Sometimes known as a collared gall the asexual gall is often concealed among the bud scales, and at first, are difficult to find. The scales may fall away, exposing a 3 mm, smooth, brown, skittle-shaped gall with a nipple-like tip, usually surrounded by a pale ring. In old galls the ring may not be seen. The wasp overwinters in the gall.

The galls have been found on Algerian oak (Quercus canariensis), Turkey oak (Quercus cerris), Portuguese oak (Quercus faginea), Spanish oak (Quercus × hispanica), sessile oak (Quercus petraea), downy oak (Quercus pubescens), Pyrenean oak (Quercus pyrenaica) and pedunculate oak (Quercus robur).

| Location of gall | Sexual/asexual | Photograph | Description |
|---|---|---|---|
| Leaf | sexual |  | Approximately 8 mm, roughly globular and have thin walls with a small inner gall.

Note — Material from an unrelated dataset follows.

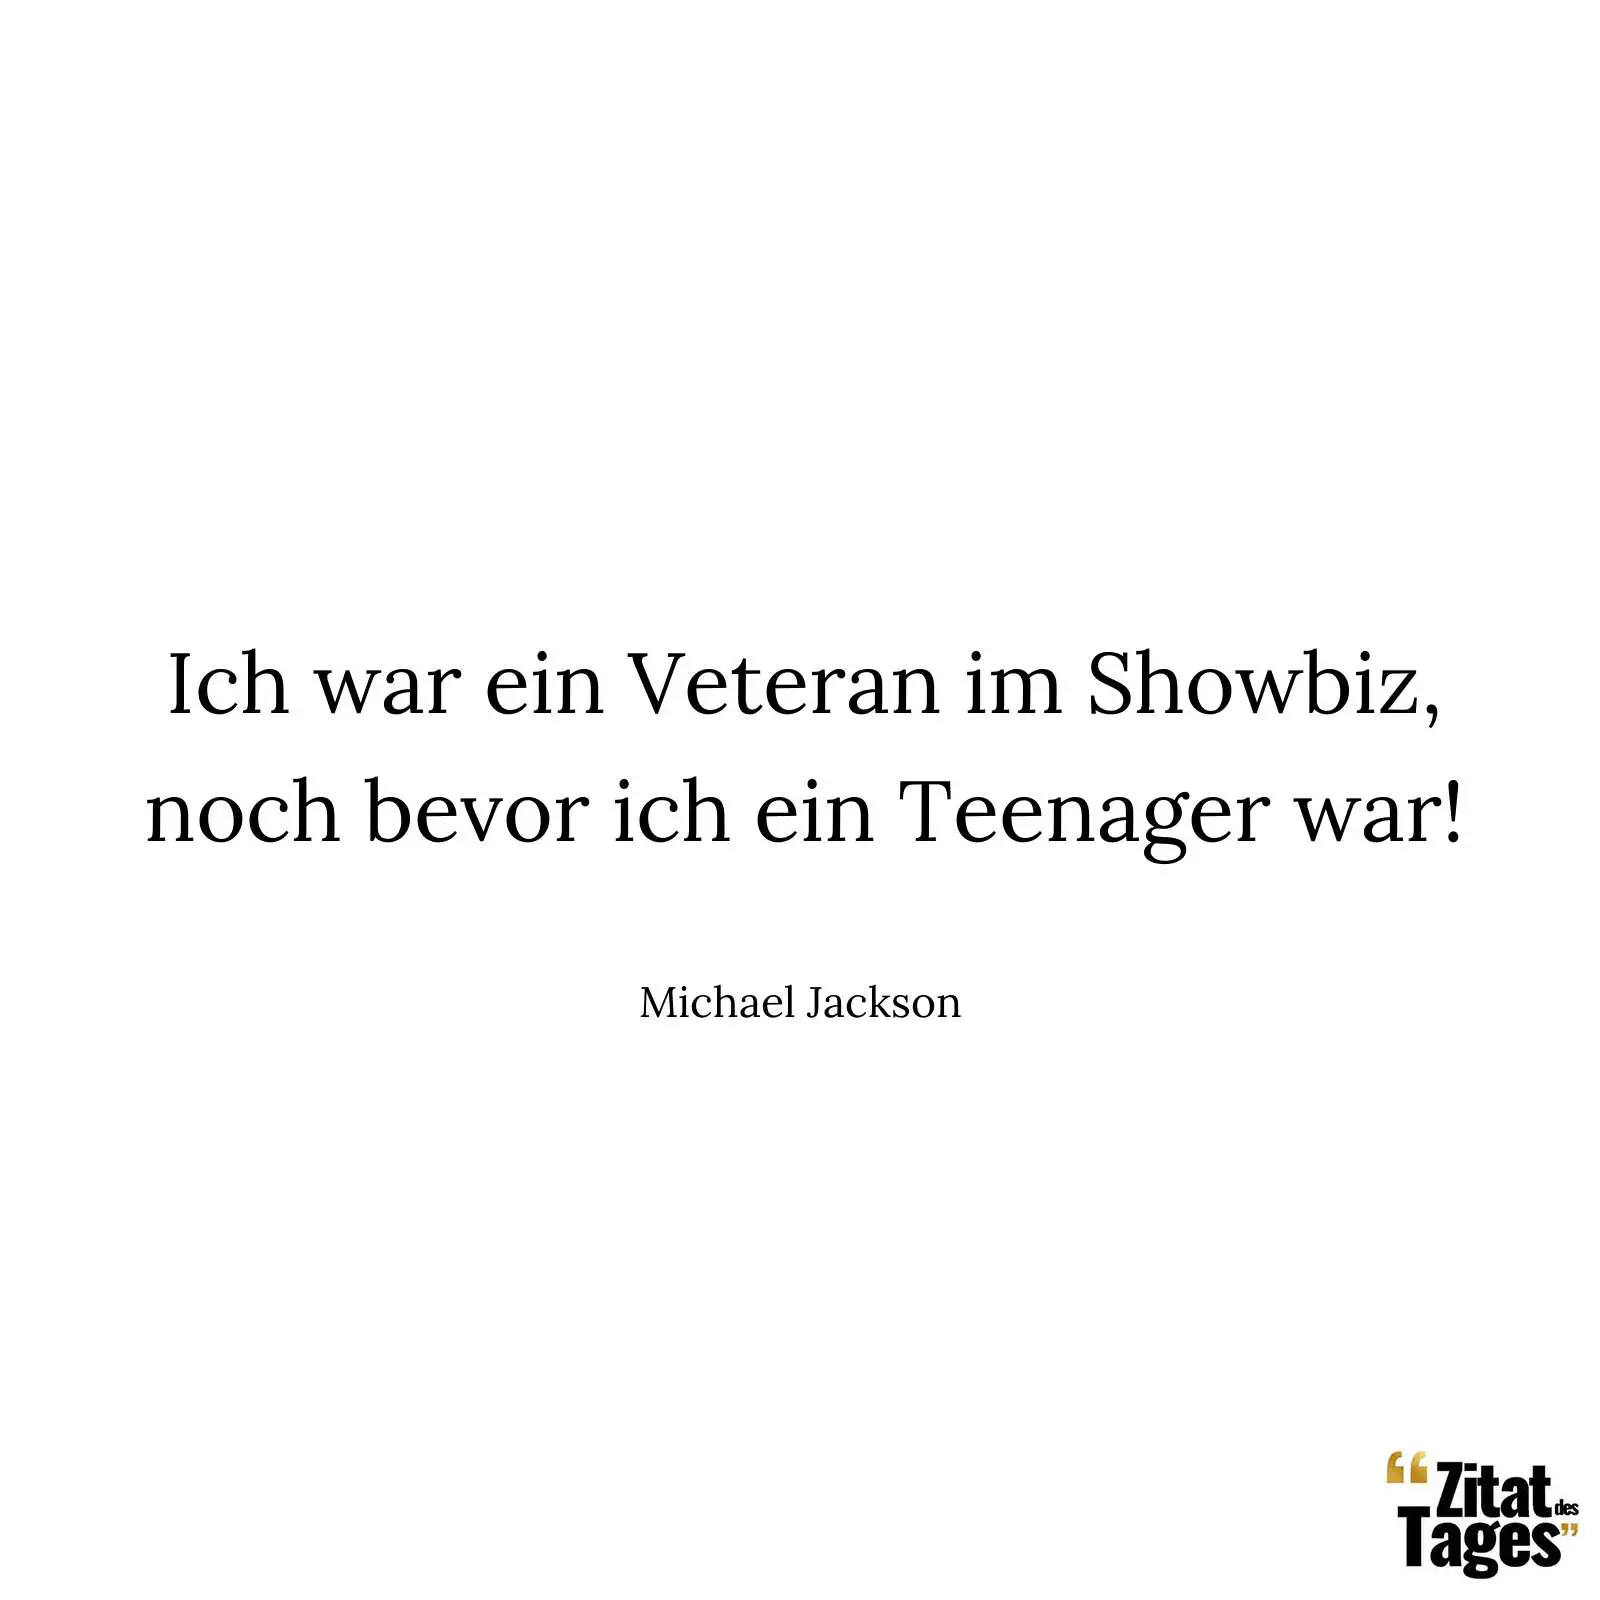 Ich war ein Veteran im Showbiz, noch bevor ich ein Teenager war! - Michael Jackson

They often coalesce and can [be] clustered near the leaf base where they can cause distortion. |
| Petiole | sexual |  |  |
| Twig | sexual |  | Causes the twig to bend |
| End of twig | sexual |  |  |
| Catkin | sexual |  | Up to 5 mm in diameter. The remains of the catkin is bent 90° and can still be seen at the tip. |
| Bud | asexual |  | Often concealed among the bud scales, and at first, difficult to find. The scales may fall away, exposing a 3 mm, smooth, brown, skittle-shaped gall with a nipple-like tip, usually surrounded by a pale ring. In old galls the ring may not be seen. The wasps overwinter in this gall. |

==Distribution==
The gall is found from Ireland to Ukraine and from Fennoscandia to the Mediterranean.